Ramsar: From convention to criteria

CHENNAI: Tamil Nadu is now the first State to have 10 Ramsar sites, which is the highest in the country.

The Union government on Thursday added 6 more sites to the existing list in Tamil Nadu.

India and China now have the largest number of wetlands of international importance with 10 more Indian sites entering the Ramsar list, taking the total to 64, says the Union Environment Ministry.

India is aiming at getting a Ramsar tag for 75 of its wetlands on the 75th year of Independence, according to officials.
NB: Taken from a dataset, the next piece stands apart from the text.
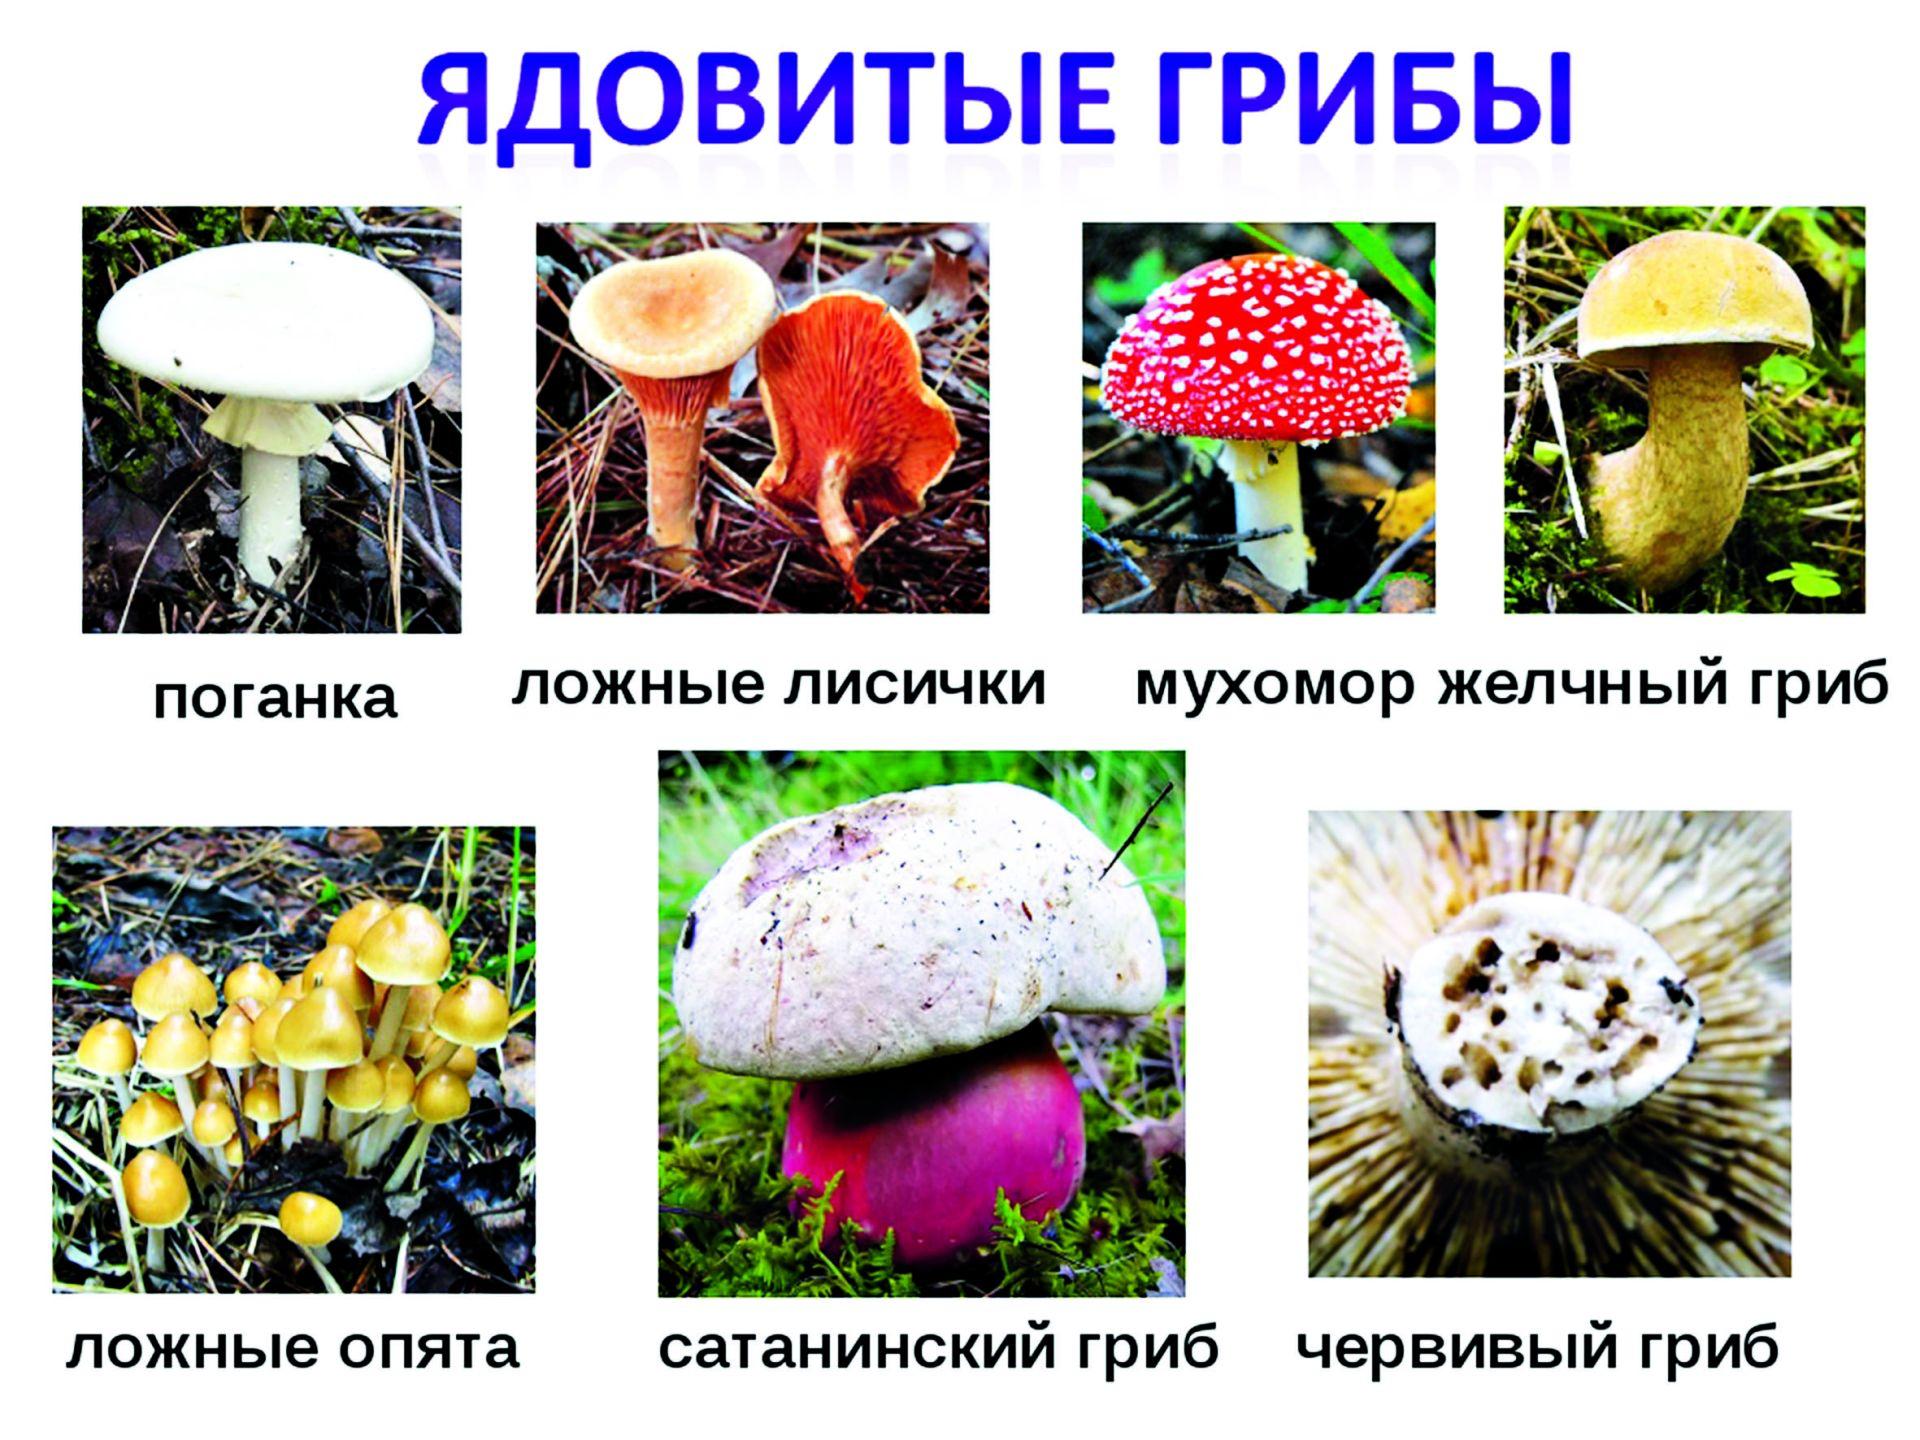 верьте, перечень съедобных грибов в картинках каждый раз

Check out the list of Ramsar sites in Tamil Nadu:

1. Pallikaranai Marshland in Chennai

2. Karikili in Chengalpattu

3. Pichavaram in Cuddalore

4. Koothankulam Bird Sanctuary in Tirunelveli

5. Gulf of Mannar Marine Biosphere Reserve near Rameshwaram

6. Vellode Bird Sanctuary in Erode

7. Vedanthangal Bird Sanctuary in Chengalpattu

8. Udhayamarthandapuram Bird Sanctuary in Tiruvarur

9. Vembannur Wetland Complex in Kanniyakumari

10. Point Calimere Wildlife and Bird Sanctuary in Nagapattinam

What is a Ramsar site?

The Ramsar list aims at developing and maintaining an international network of wetlands, which are important for the conservation of global biological diversity and for sustaining human life, through the maintenance of their ecosystem components, processes and benefits.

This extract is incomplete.